= Stuart Elliott (drummer) =

English drummer (born 1953)

Stuart Alexander Elliott (born 22 May 1953) is an English drummer. He was the original drummer for Steve Harley and Cockney Rebel and during his time with this band he became a session drummer playing for top artists such as Kate Bush, Al Stewart, The Alan Parsons Project, David Byron, Roger Daltrey, Paul McCartney, Claudio Baglioni, Lucio Battisti, among others.

==Biography==
Elliott was born in London, England. He started to be interested in playing drums at the age of three by watching his father who was a jazz drummer. "Until I was fifteen, I was educated at St. Michael's School, Belgravia. Since then I have done a bit of session work, including a tour with Adam Faith and drifted through a number of rock bands until someone who heard me do a gig with a band called Monksilver mentioned me to Steve Harley. We soon discovered we could communicate on the same level, and having joined the band, I quickly realised that I had found my niche in rock music."

With Steve Harley and Cockney Rebel, Elliott enjoyed three top 10 albums including the number 1 single "Make Me Smile (Come Up and See Me)" and other four top 10 singles. In January 1976, Elliott went to Abbey Road Studios to play drums for Al Stewart's album Year of the Cat. After Steve Harley disbanded Cockney Rebel in 1977, Elliott was called by Andrew Powell to play drums on Kate Bush's first album, The Kick Inside. This would be first of the five albums with Elliott on drums as he became one of Bush's preferred drummers. "He's so easy to work with because he knows what I'm like. Occasionally I'll even ask him to use cymbals on a track now! He's been through that whole stage where I just couldn't handle cymbals or hi-hats." Elliott later on played drums on hits such as "Babooshka", "Running Up That Hill", "Hounds of Love" and "Cloudbusting". Between September 1977 and January 1978, Elliott went on to play drums on The Alan Parsons Project third album, Pyramid, which would be the first of ten albums where he became part of the rhythm section, and he continued playing and contributed in the songwriting for the next three solo albums of Parsons.

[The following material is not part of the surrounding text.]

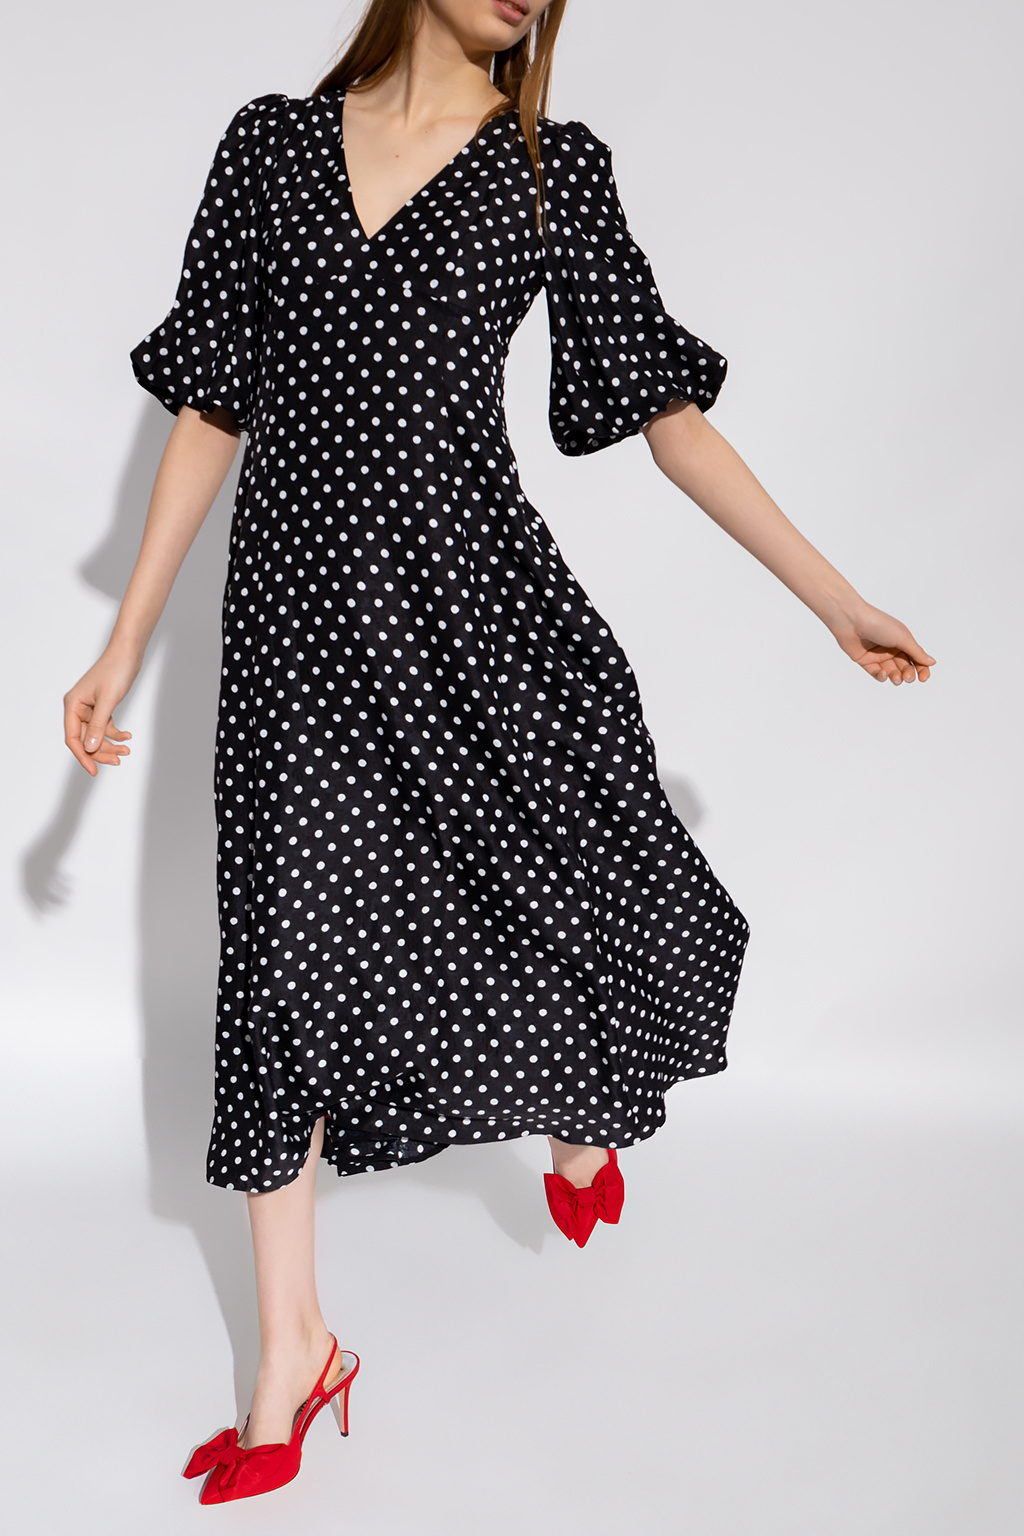 Kate Spade Polka dot dress | Women's Clothing | Vitkac

During the 1980s, his career as session drummer emerged. As well as continuing session drumming for Kate Bush and The Alan Parsons Project he went to on to play for Justin Hayward's song "Suitcase", from the album Night Flight in 1980. In 1984, he played drums on Paul McCartney's hit "No More Lonely Nights". That same year he and the rest of The Alan Parsons Project core musicians team, Ian Bairnson and David Paton, were joined by the singer Colin Blunstone and Camel's keyboardist Peter Bardens, and formed Keats. Elliott not only played drums and percussion, he also took part in the songwriting and, with Colin Blunstone, he wrote "Tragedy" and "Night Full of Voices". Particularly noteworthy, with Colin Blunstone he also wrote "Where Do We Go From Here" and "Helen Loves Paris", which Blunstone released as a single in 1985.

Elliott appeared on various TV shows including Top of the Pops playing with Tina Turner, Eric Clapton, Roxy Music and Kate Bush. He also appeared with Bryan Adams on the music video for Roger Daltrey's song "Let Me Down Easy". Bush included Elliott in her music videos of "Big Sky" (where his brother, Lindsay Elliott, was on drums), and of "Rubberband Girl".

In 1993, Elliott joined Alan Parsons again to record Try Anything Once, they would then continue recording two more studio albums, On Air and The Time Machine, and, for the first and only time, he took the lead on vocals for a song co-written by Andrew Powell, "Take The Money and Run", which appeared on The Very Best Live album. With Alan Parsons, Ian Bairnson and other different musicians and singers, he toured from 1994 to 2002 covering the US, South America, Japan and big part of Europe. During this period he played at the Night of the Proms in 1997 as part of the Alan Parsons performance and with Simple Minds, Deborah Harry and Paul Young.

After splitting with Alan Parsons, Elliott did a library album (music made specifically to be used in TV and film). He toured again with Steve Harley various times. Elliott also played with Jon Anderson and Alice Cooper on the Ultimate British Rock Symphony Tour.

In 2013, Elliott got together with Al Stewart to play at the Royal Albert Hall tracks from the Year of the Cat album. They played again together at the same venue in 2015. In May 2015 he was called again by Andrew Powell along with David Paton and Tim Renwick to record an album for singer and actor Jules Knight, and in August he started to record with Al Stewart's musician Dave Nachmanoff.

In November 2015, Elliott toured with Steve Harley and original members to celebrate the 40th anniversary of The Best Years of Our Lives. After 2015, Elliott remained a consistent member of Cockney Rebel until Harley's 2024 death, having previously returned to the band sporadically pre-2015 during a couple of Harley's tours in the early to mid-2000s and in 2010.

==Other instruments==
Stuart can also play bass guitar, guitar and piano, triangle, simmons, tambourine, xylophone, guiro, wind-chimes, keyboards, castanets and gong.